Psychedelic-assisted psychotherapy: The need to monitor adverse events

KRJ Schruers 1,2,3, NK Leibold 1,
PMCID: PMC12371130  PMID: 40395120

Abstract

The therapeutic use of psychedelics for mental health issues holds considerable promise. However, systematic assessment of adverse events associated with these substances has received relatively little attention. Here, we discuss several considerations concerning the assessment of adverse events in psychedelic-assisted therapies. We discuss the preference for using the term “adverse effects” over “side effects”, as well as the ongoing debate regarding which substances are classified as psychedelic. We also provide recommendations on when and how to assess adverse effects, for example the importance to study them in any kind of therapy involving psychedelics, and using comprehensive monitoring of a wide range of physical parameters in combination with behavioral outcomes and the individual’s experience, at baseline and throughout the study. Also, sex-specific differences should be considered. Furthermore, we highlight several significant studies that have addressed these aspects. In summary, psychedelics offer great promise as a potential treatment (add-on) option in psychiatry, but more rigorous assessment of adverse effects is needed to promote safe use and implementation in clinical practice.

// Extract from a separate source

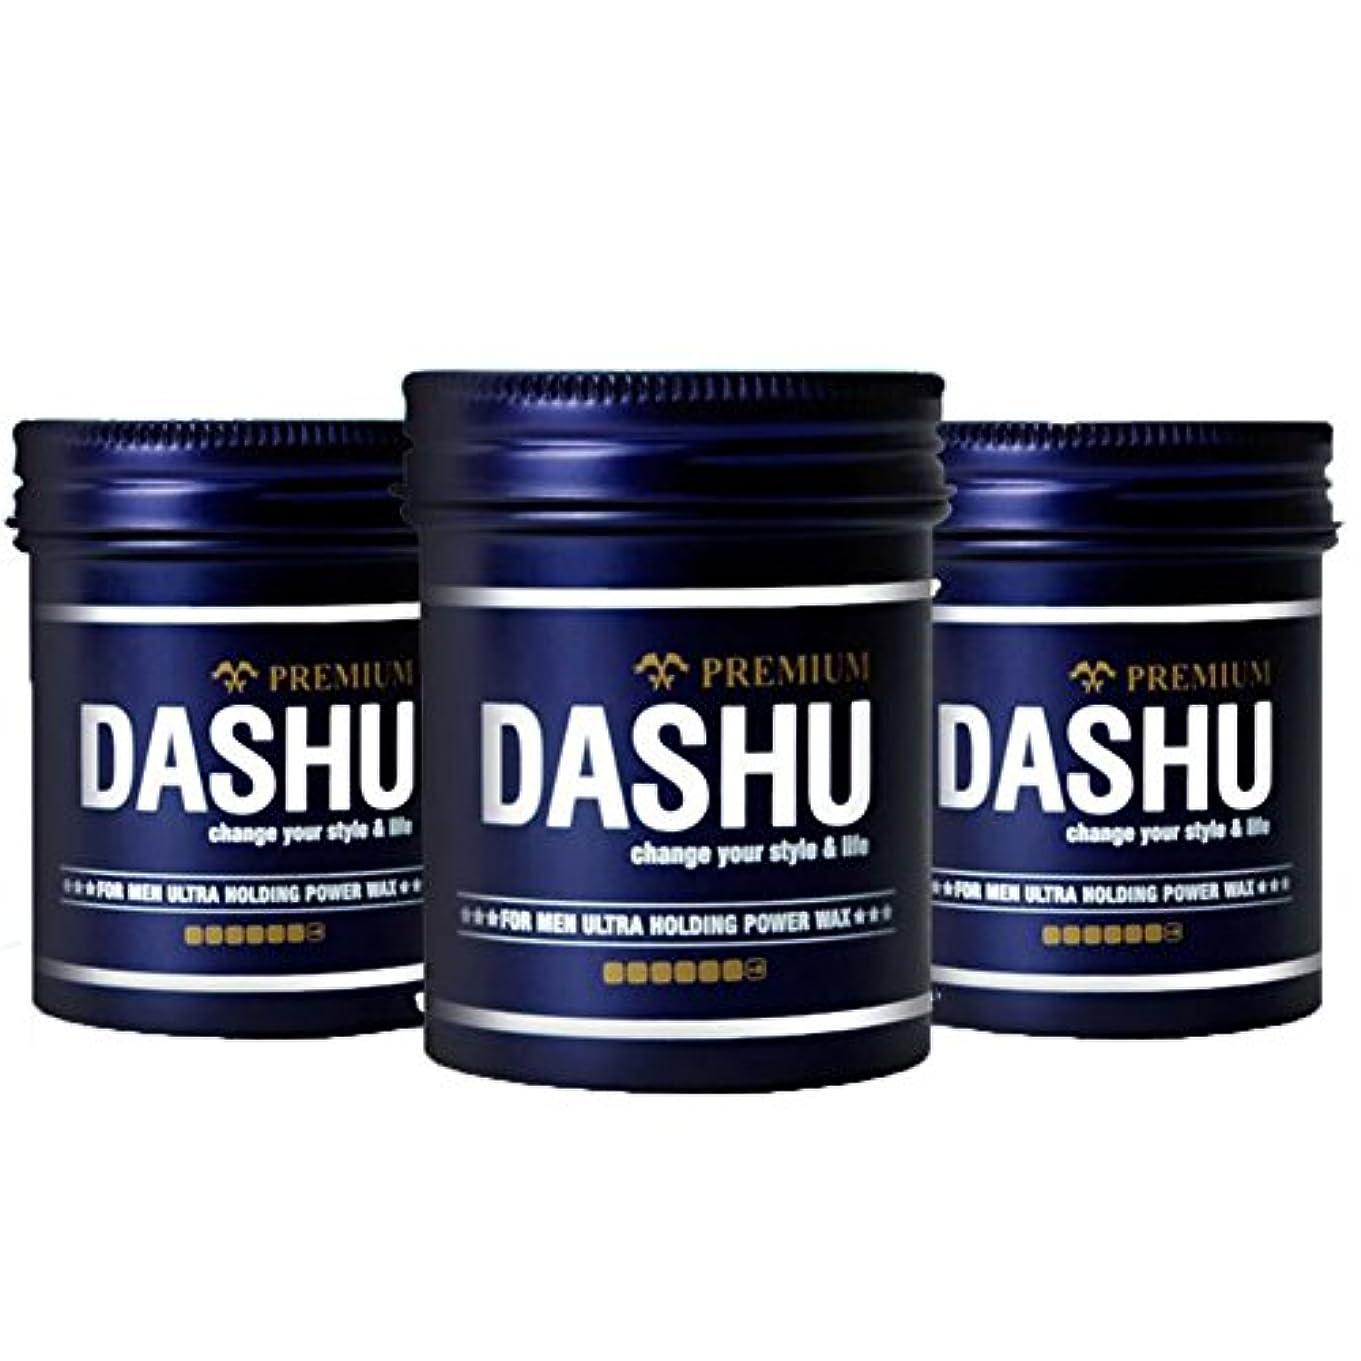 入学する流暢リム(3個セット) x [DASHU] ダシュ For Men男性用 プレミアムウルトラホールディングパワーワックス Premium Ultra Holding Power Hair Wax 100m l/ 韓国製 . 韓国直送品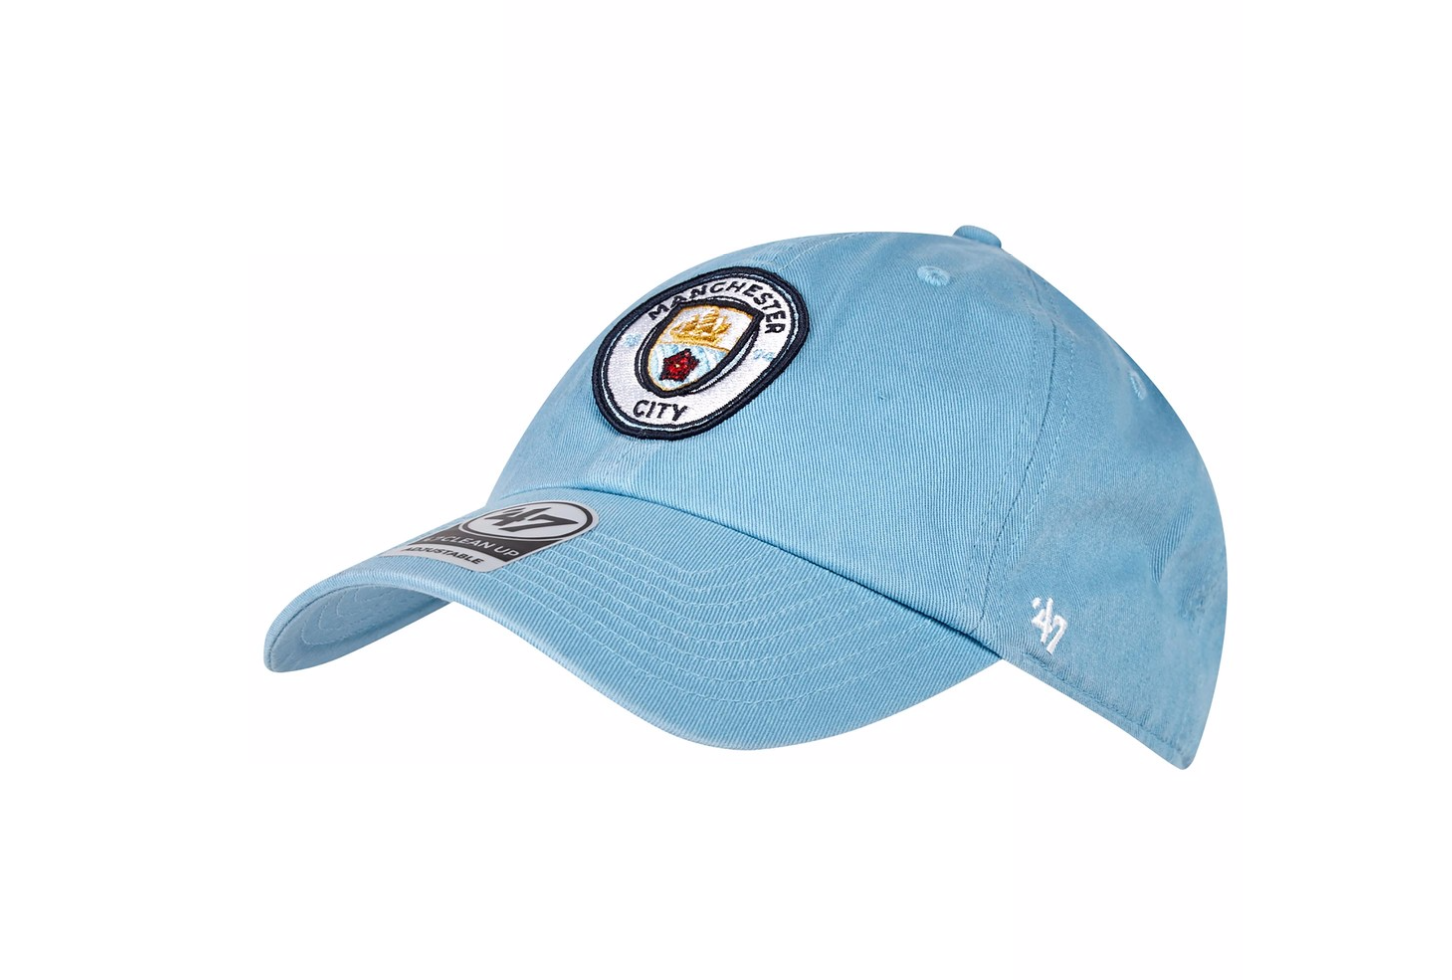 หมวกแมนเชสเตอร์ ซิตี้ 47 Rebound Cap Sky ของแท้

Keywords: Psychedelic-assisted therapy, adverse events, monitoring

Psychedelics offer a promising new avenue and therapeutic prospect in psychiatry, particularly after a long period with scarcely any real breakthroughs or novelties. In fact, most medications currently in use are based on derivatives of drugs that were discovered by chance in the 1950s (Nutt et al., 2020). The use of psychedelics has a long history in many parts of the world, but the increasing recreational use led to legal restrictions, which also discontinued research efforts for several decades. Therefore, psychedelics are only recently beginning to re-enter the field of psychiatric science, including formal tests of efficacy in randomized controlled trials (Rucker et al., 2018). However, in spite of accruing knowledge on potential side effects, relatively little attention has been devoted to systematically studying those (Breeksema et al., 2022), which is associated with very inconsistent reports regarding the occurrence and intensity of any adverse effects (Breeksema et al., 2022). The proposed assessment framework by Palitsky et al. (2024) is a timely call to action in that respect.

Palitsky et al. (2024) recommend that different assessors use appropriate (validated) measurement instruments at various time points and frequencies. While this is a well-considered approach, some issues deserve further consideration when preparing to study adverse effects in psychotherapies that are accompanied by a pharmacological compound such as psychedelics.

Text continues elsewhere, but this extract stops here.